According to the embodiment of FIG. 7, the configuration load
function establishes a channel between a remote source and the
configuration data memory 161. The configuration data is received
from the remote source in an encrypted format, in a compressed
format, or in a format that is both encrypted and compressed. The
configuration load function exercises the decryption and/or
decompression functions from array 172 when loading configuration
data into the configuration data memory 161. Alternatively, the
configuration function exercises the decryption and/or
decompression functions from array 172 when transferring the
configuration data into the configuration points in the
configurable logic array. The addition of the memory array 170
storing at least one of encryption/decryption functions and
compression/decompression functions is made in various embodiments
of the system-on-a-chip integrated circuit, including embodiments
as described with respect to FIGS. 4 and 5.

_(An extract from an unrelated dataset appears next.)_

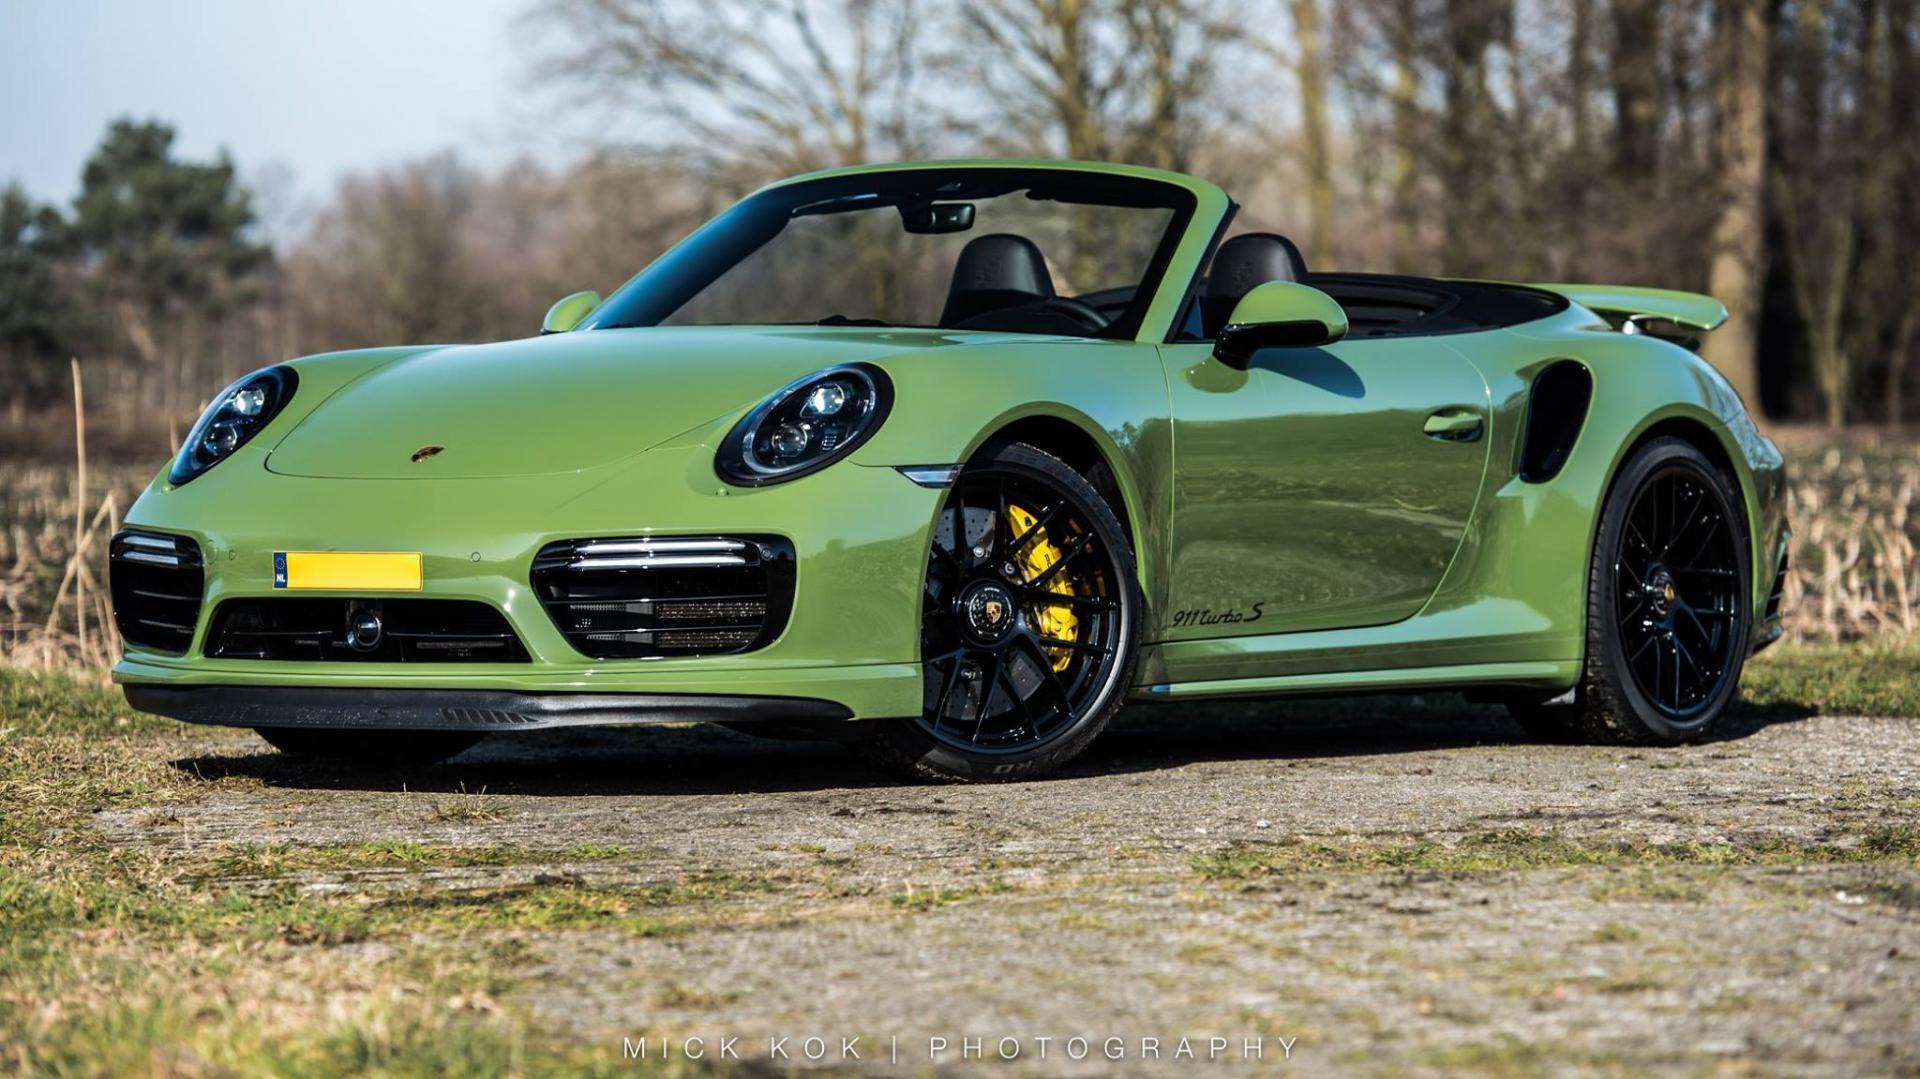 dikste Porsche 911 Turbo S van Nederland

[0049] FIG. 8 is a block diagram illustrating some of the major
functional components of a fault-tolerant system for in-circuit
programming and configuration load in accordance with an aspect of
the present invention, for an SOC integrated circuit including a
processor core (CPU 212) and a configurable logic array 251. The
in-circuit programming process and configuration load system
includes nonvolatile memory 200, RAM 208, CPU 212 and peripherals
214. The in-circuit programming process and configuration load
system also includes components which implement fault-tolerance,
including jump boot vector 216, multiplexer (MUX) 210, in-circuit
program/configuration load ICP/CL status register 218, remote host
address register 220 and ICP/CL watchdog 222.

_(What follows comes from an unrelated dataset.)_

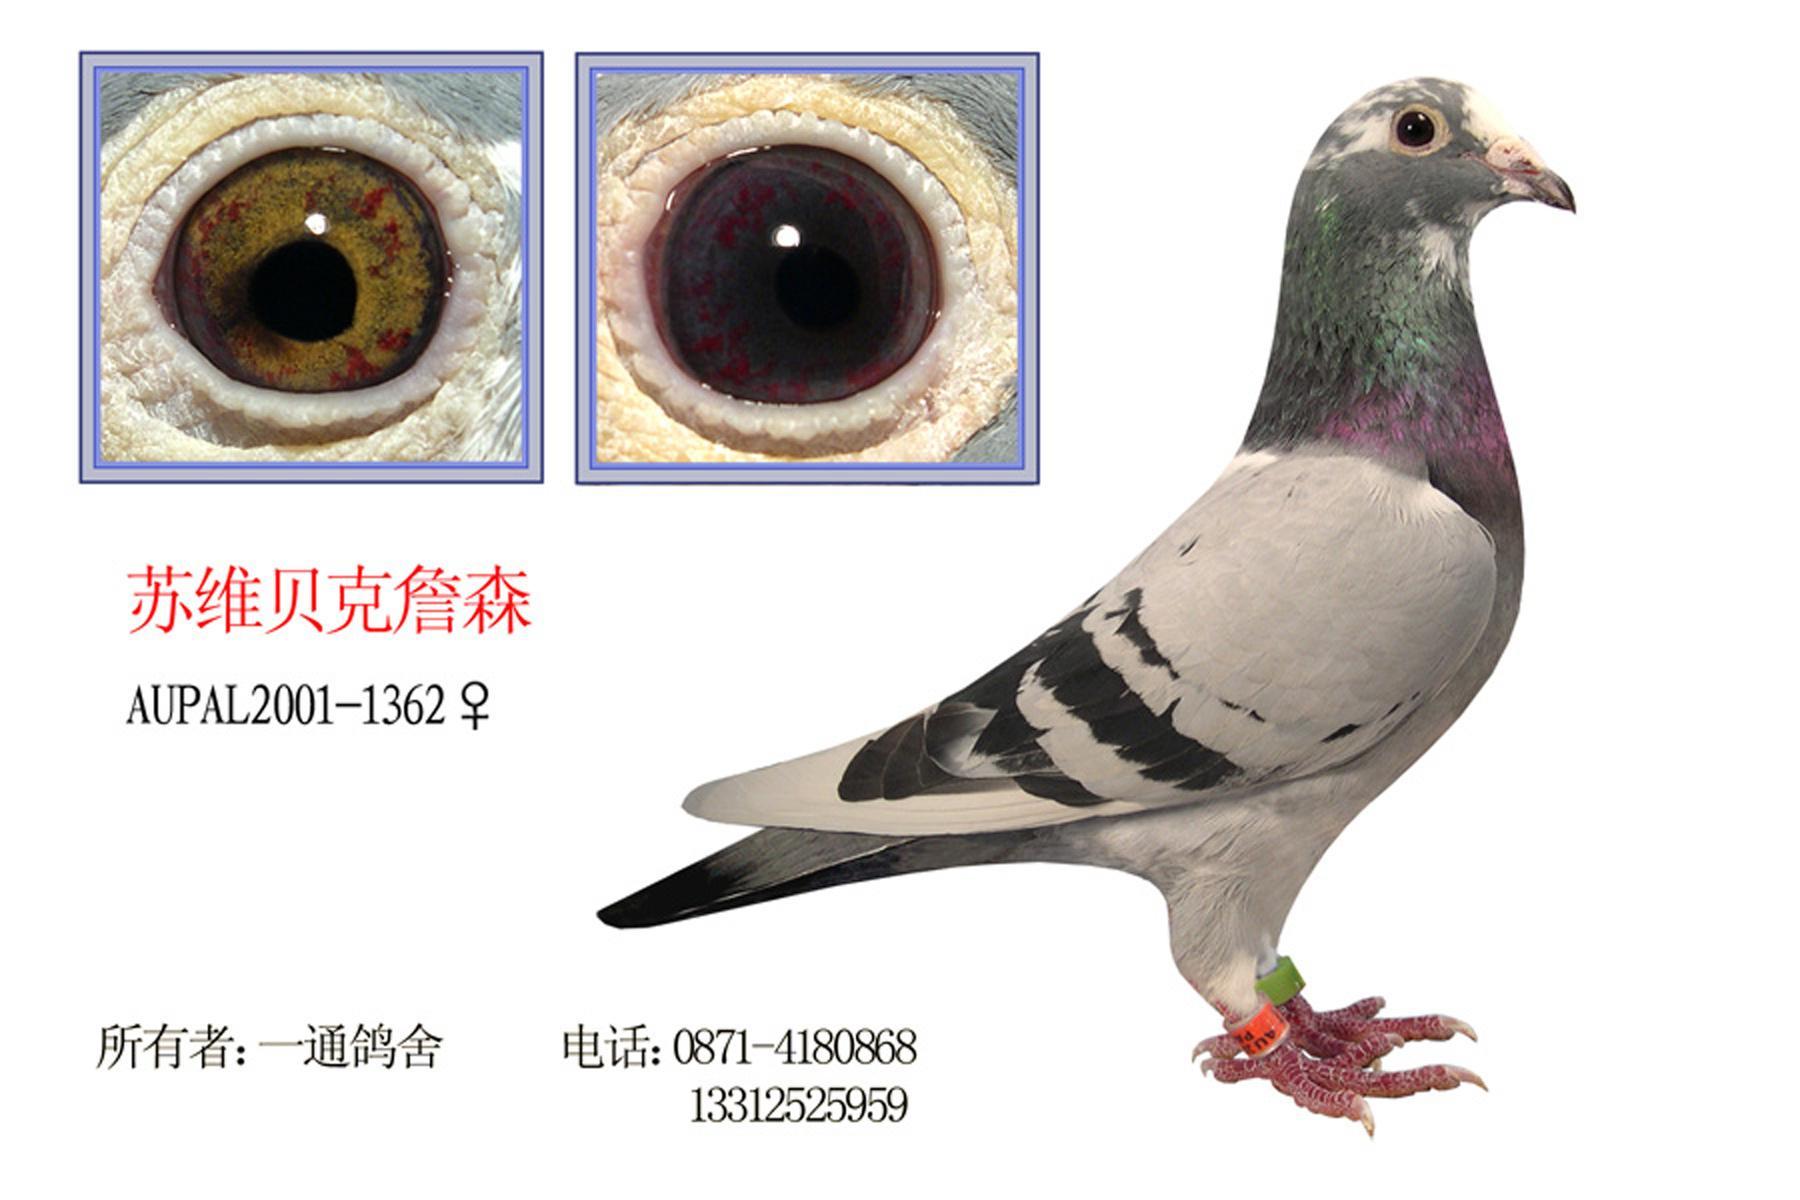 了解鸽子品种,请指点

[0050] More specifically, CPU 212 is any type of a processing
system including a microcontroller, microprocessor or digital
signal processor. CPU 212 is coupled to RAM 208 which is a random
access memory containing code and data executed by CPU 212. CPU 212
is additionally coupled to nonvolatile memory 200 through data
paths represented by MUX 210.
[0051] Nonvolatile memory 200 is any type of memory that persists
when power is removed from the system, including flash memory,
EPROM, EEPROM, and ROM memory. Nonvolatile memory 200 includes boot
programs 202, utility programs 204, in-circuit programming ICP
handler 206, configuration handler 250 and mini-boot code 207. Boot
programs 202 include a collection of programs which are executed
during system initialization in order to initialize the hardware
and software resources of the system. Boot programs 202 are stored
in programmable memory, which can be modified during the
configuration load process. Nonvolatile memory 200 also includes
utility programs 204, which include programs executed by CPU 212 to
perform the mission function during operation of the system.
Utility programs 204 are also contained within memory that can be
programmed through the in-circuit programming load process.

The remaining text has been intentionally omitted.